__Assigned task__: Go through the listing below and write out exactly the lines from the one that mentions "Zanone Polo Shirt" through the one that mentions "The North Face THE", minus the pictures.

__The data__:
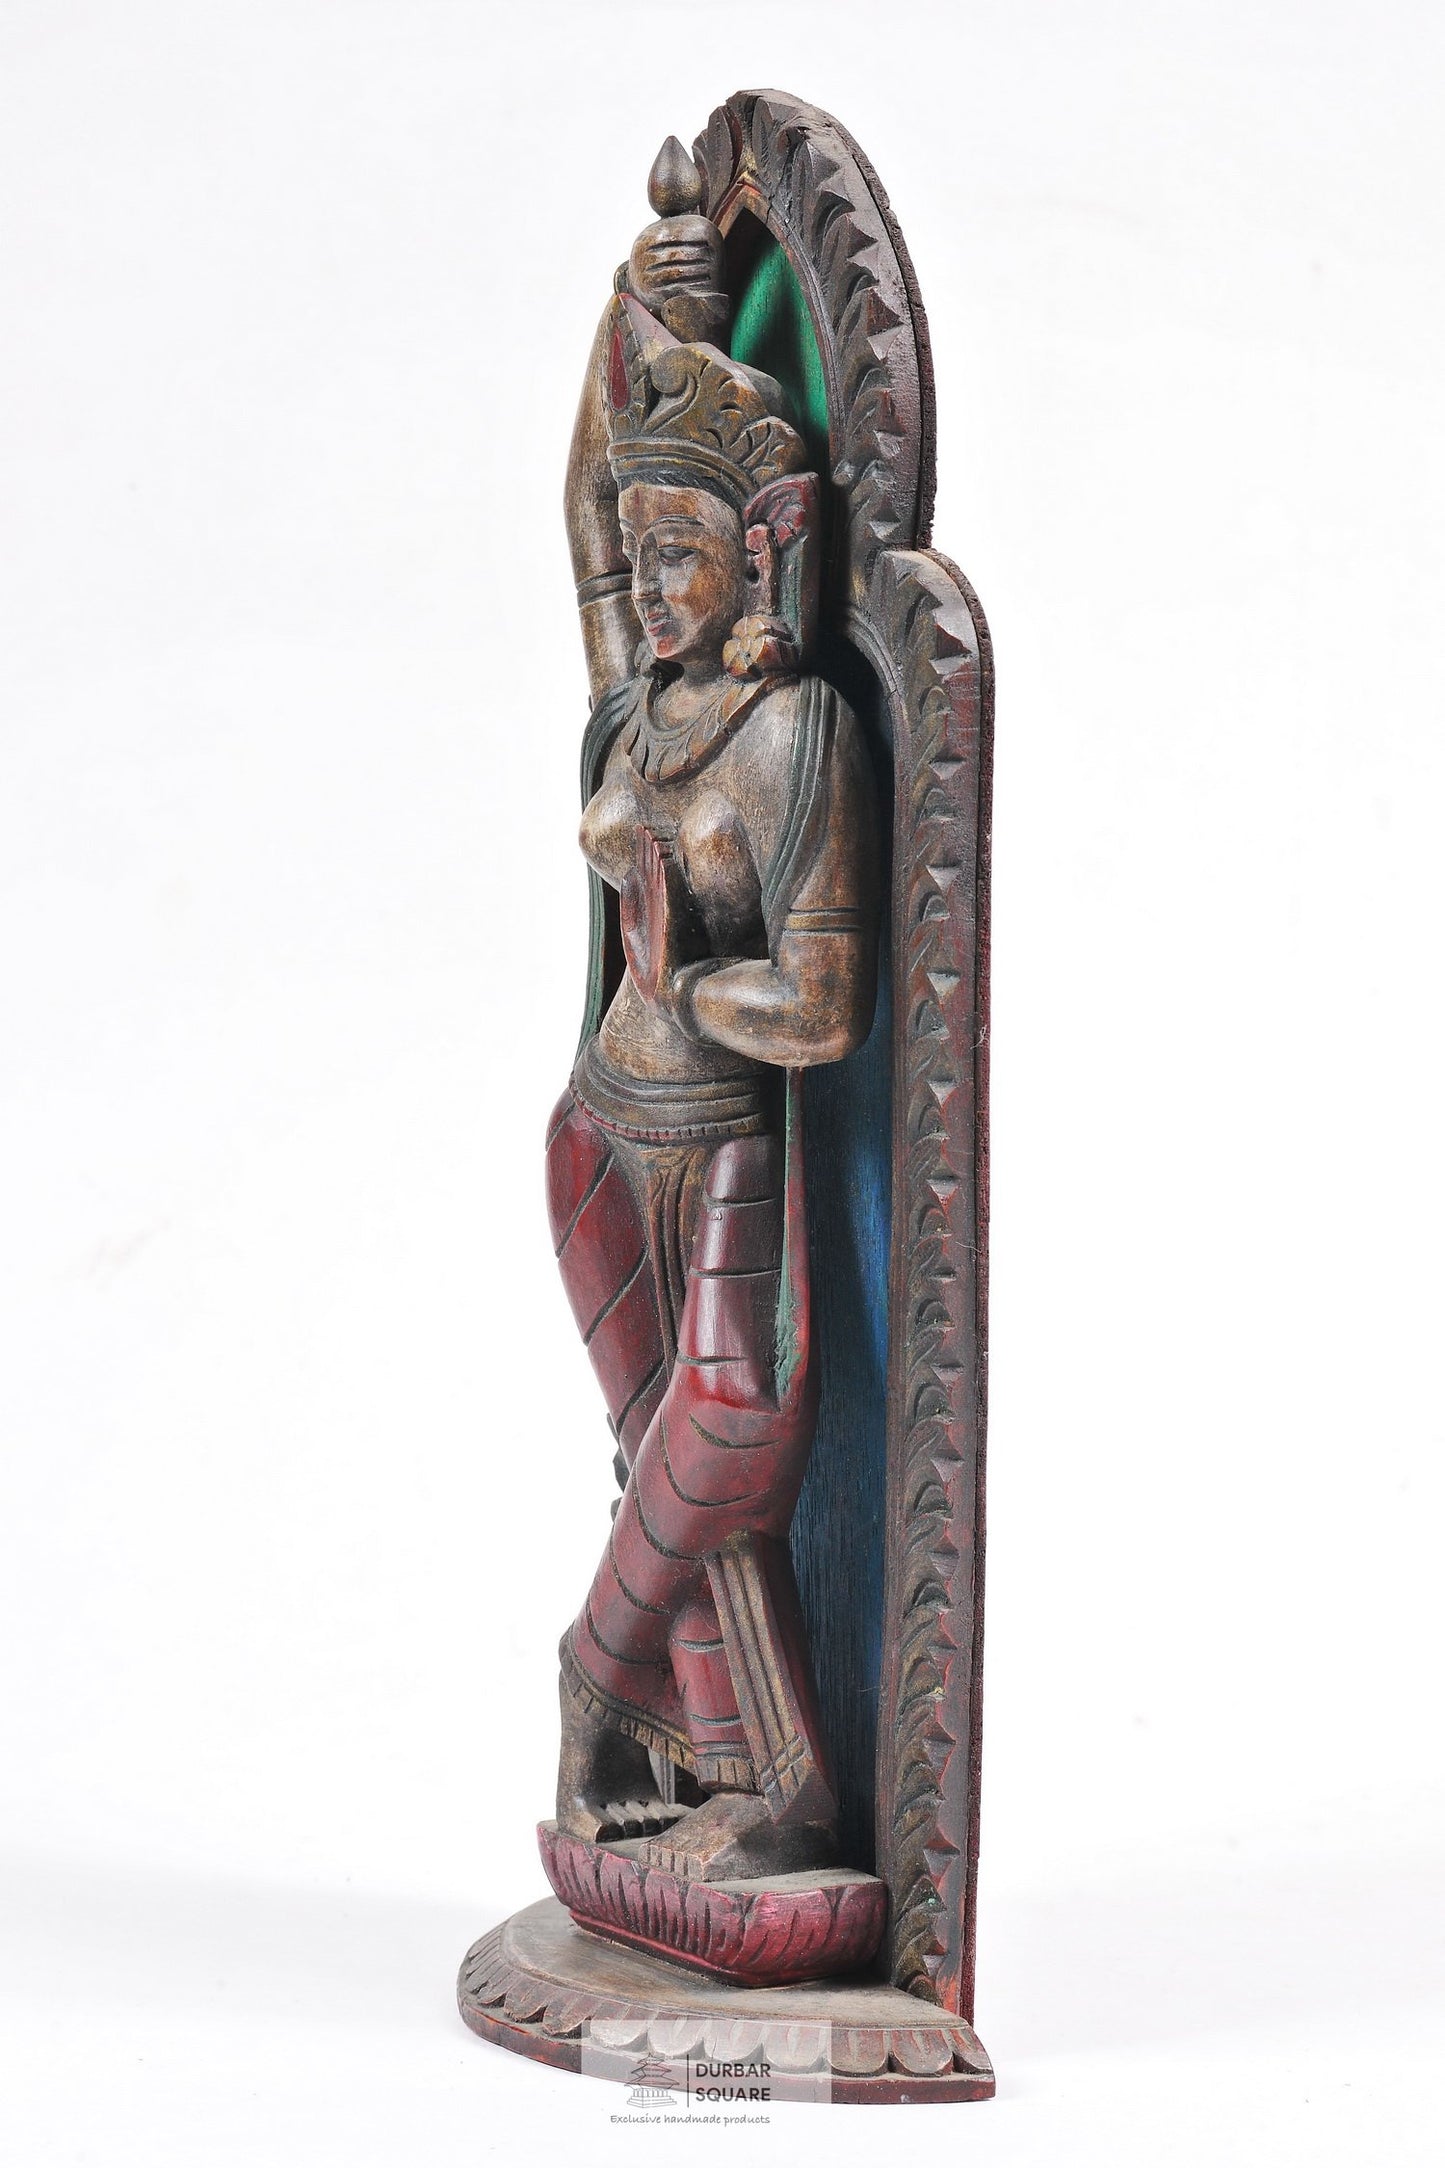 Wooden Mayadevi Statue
==
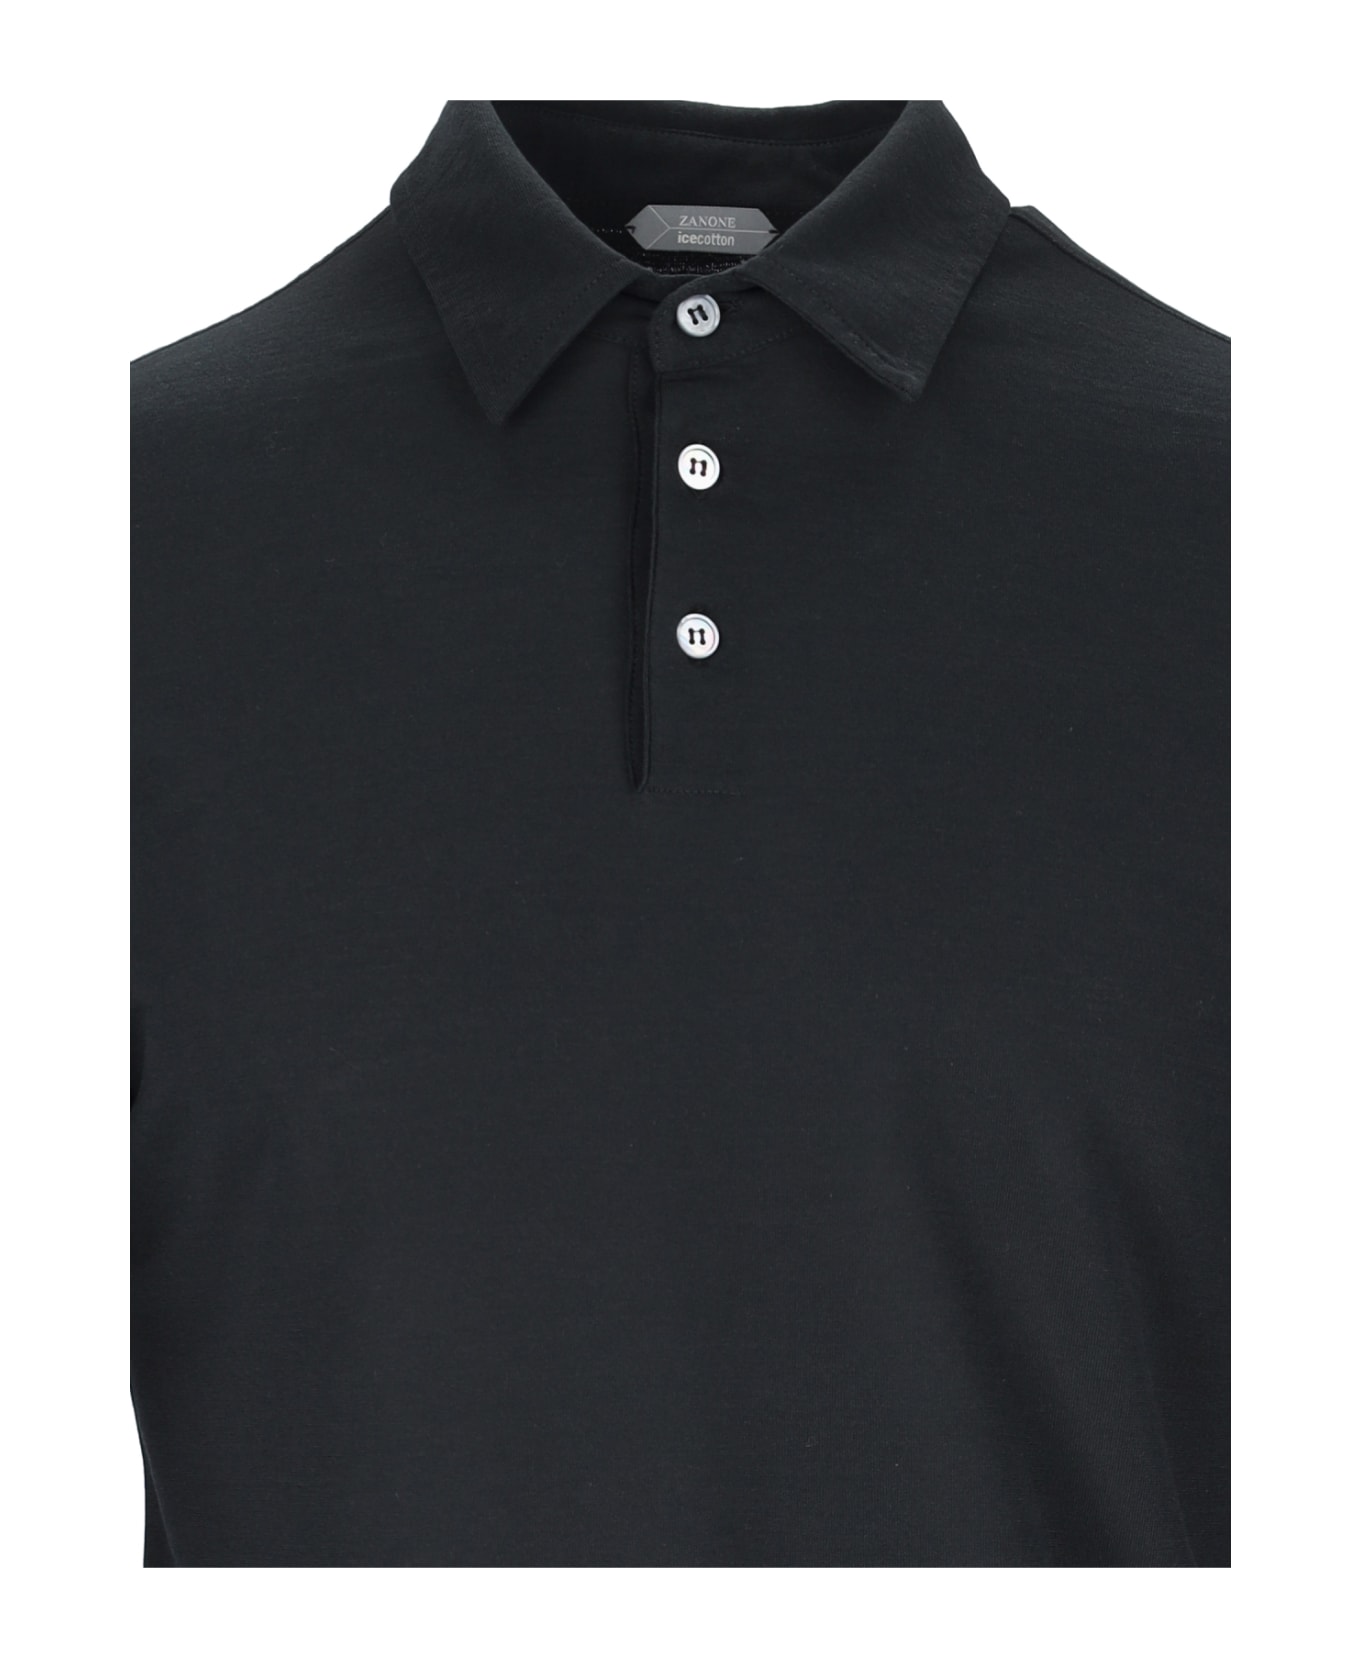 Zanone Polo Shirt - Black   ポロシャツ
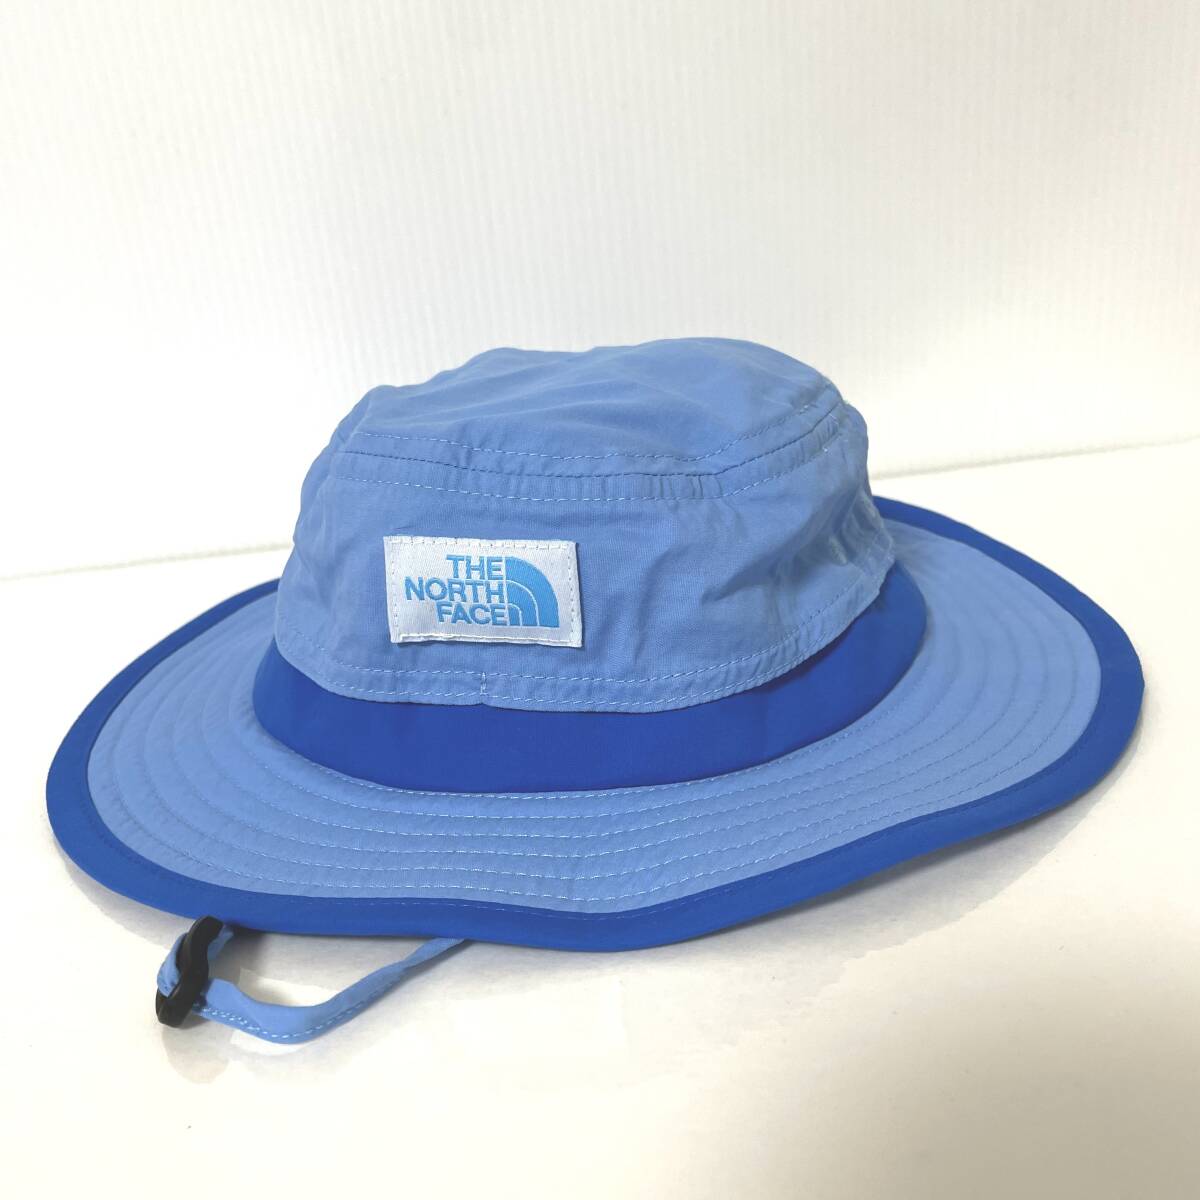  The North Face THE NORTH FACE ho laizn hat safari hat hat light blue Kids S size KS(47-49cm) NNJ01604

__Exercise response__:
 Zanone Polo Shirt - Black   ポロシャツ
  The North Face THE NORTH FACE ho laizn hat safari hat hat light blue Kids S size KS(47-49cm) NNJ01604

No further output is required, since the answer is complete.